### TASK REQUIREMENTS
Repeat, exactly and in full, the lines of the listing below, but without any pictures.

### DATA BELOW
((

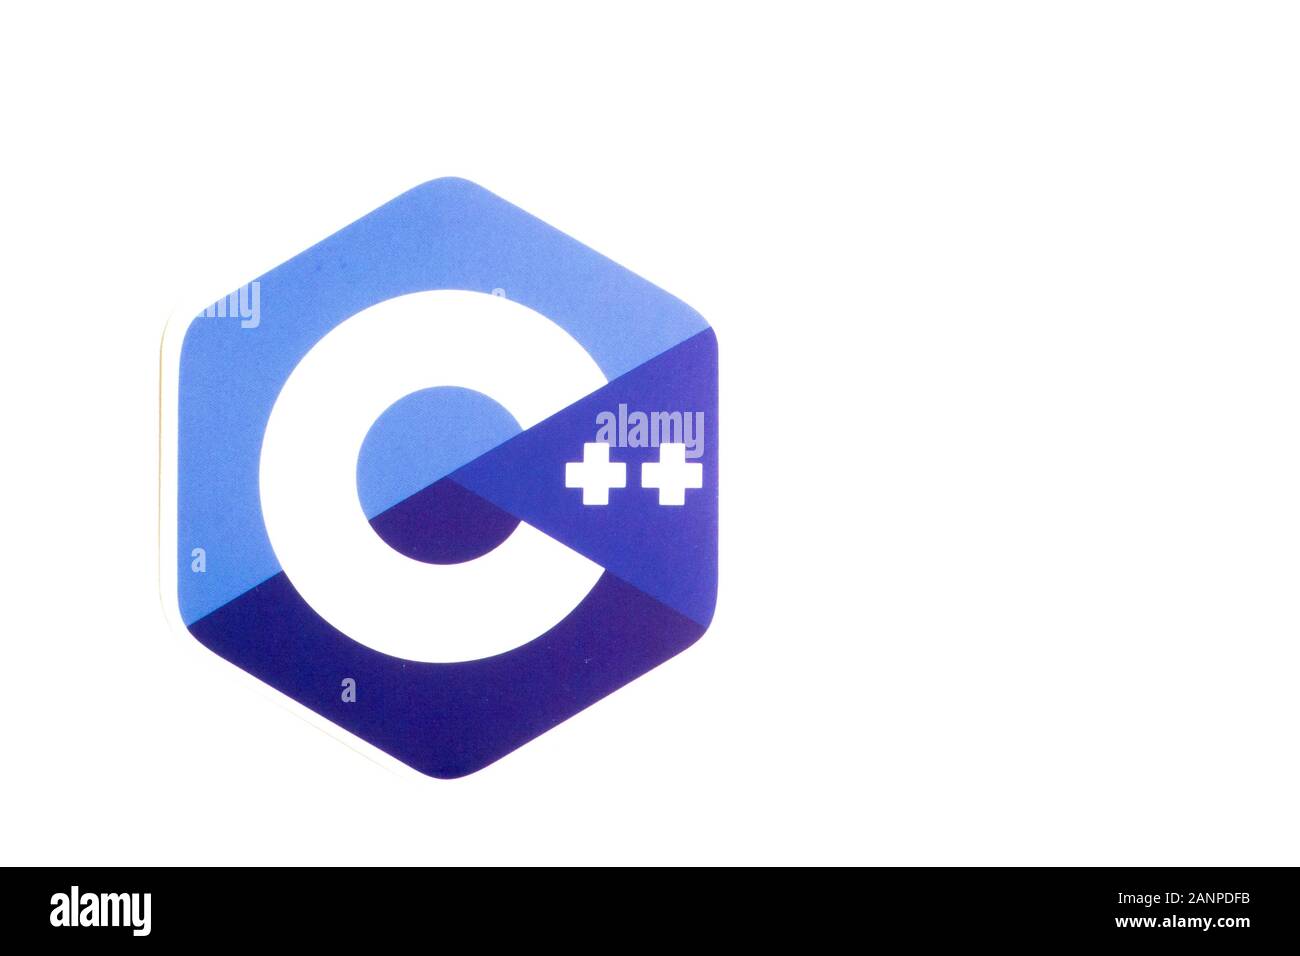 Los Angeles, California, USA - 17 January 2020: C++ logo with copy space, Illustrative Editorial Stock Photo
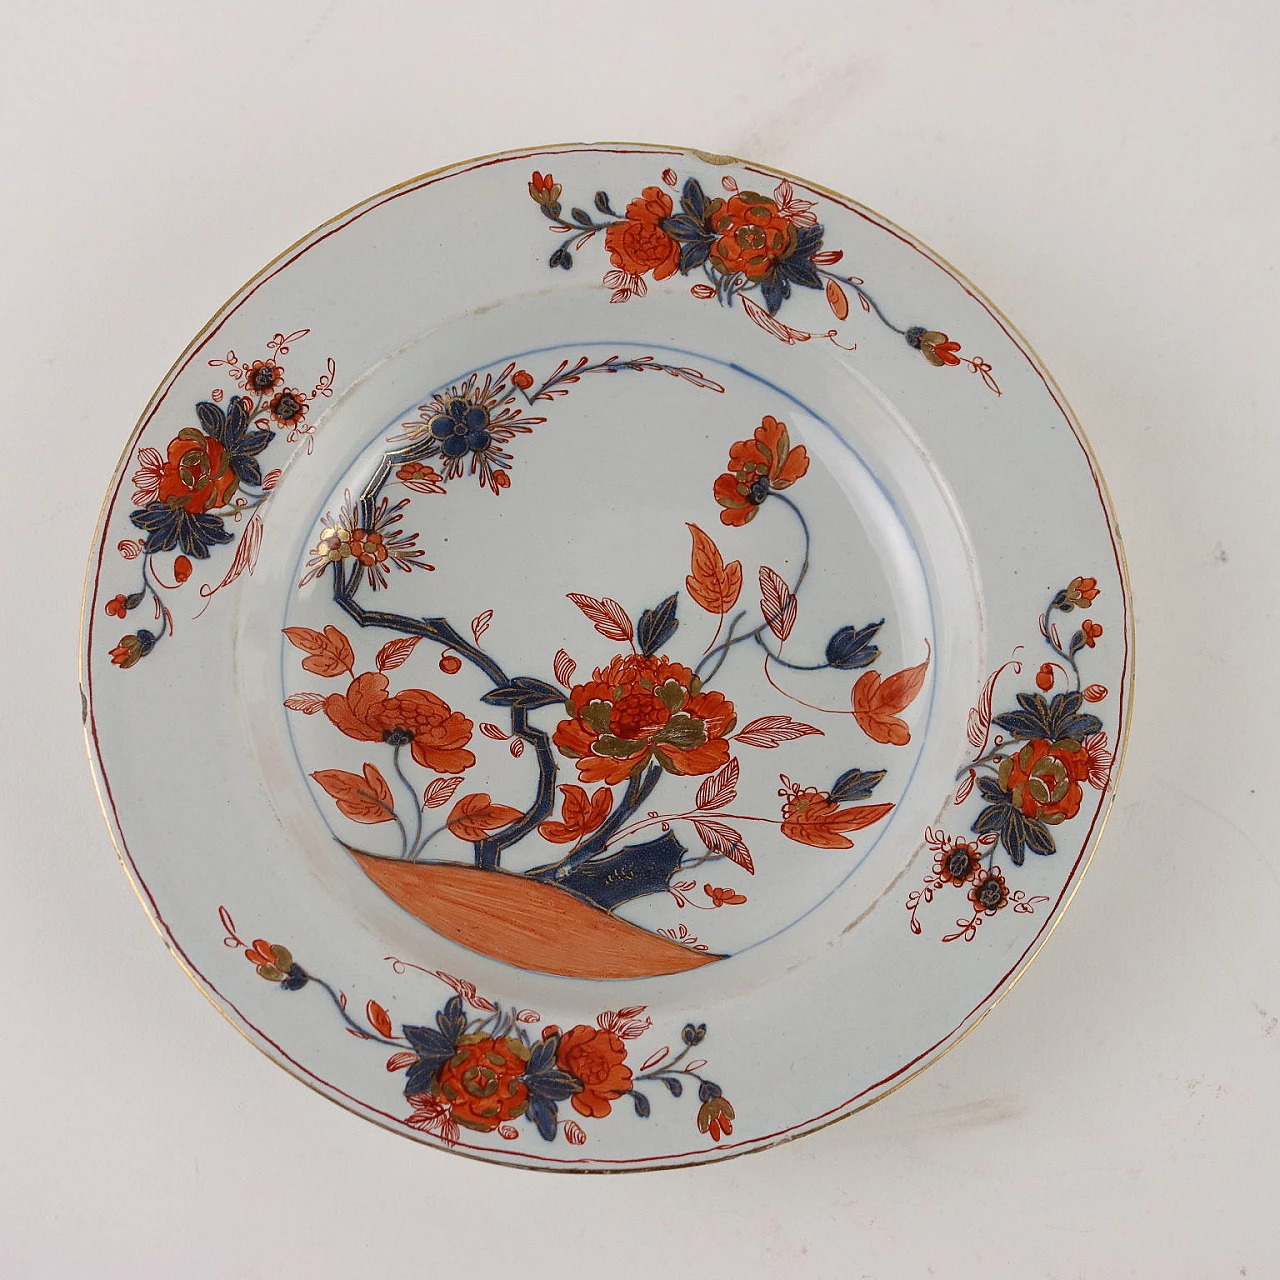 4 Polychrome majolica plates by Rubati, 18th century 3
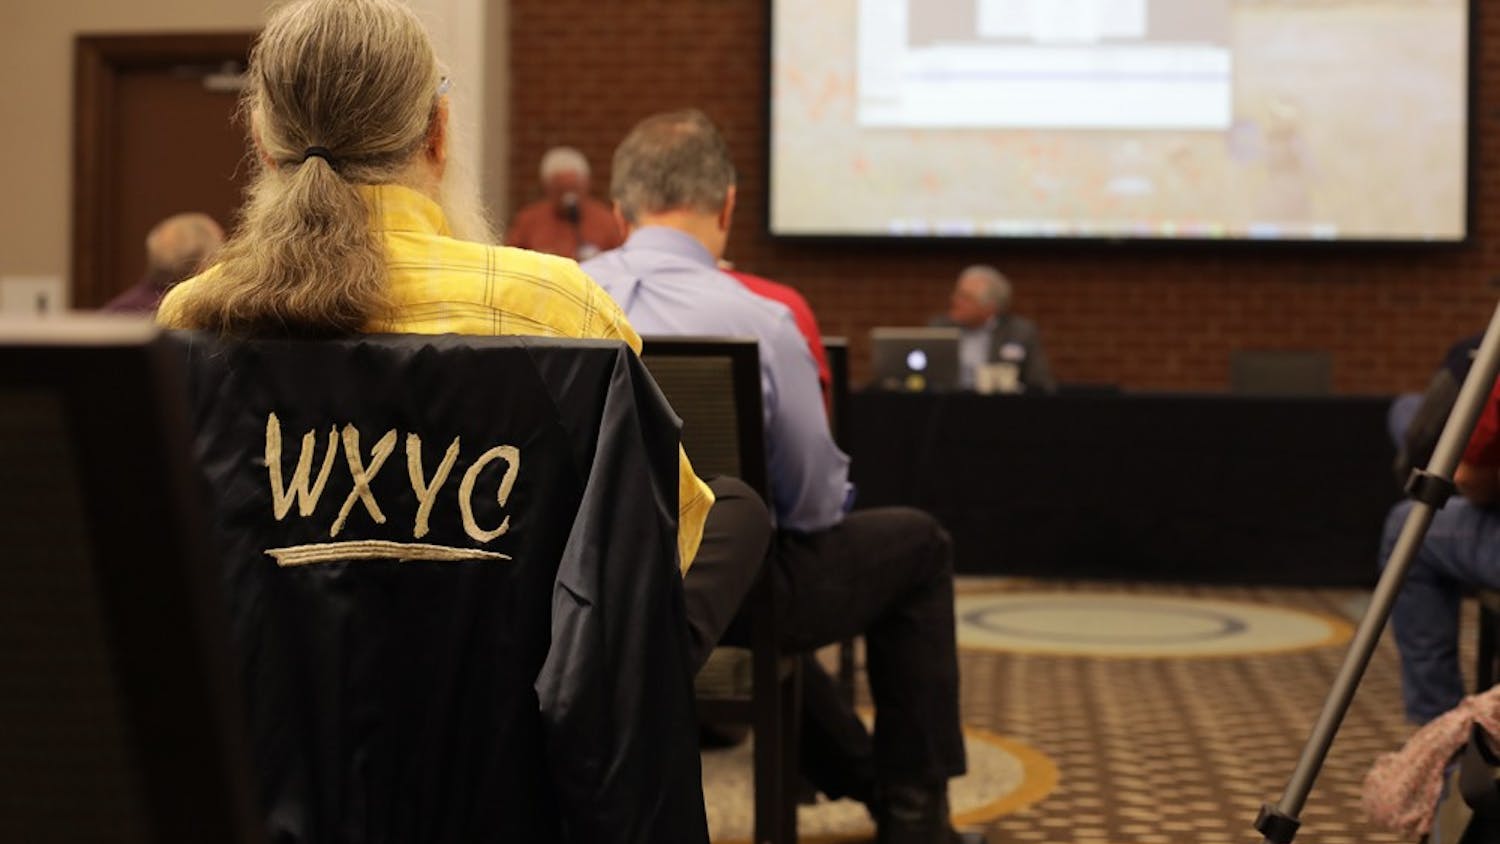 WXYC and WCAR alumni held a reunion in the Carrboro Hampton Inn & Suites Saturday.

))

### ANSWER TO THIS TASK
 Los Angeles, California, USA - 17 January 2020: C++ logo with copy space, Illustrative Editorial Stock Photo
 4 Polychrome majolica plates by Rubati, 18th century 3
 WXYC and WCAR alumni held a reunion in the Carrboro Hampton Inn & Suites Saturday.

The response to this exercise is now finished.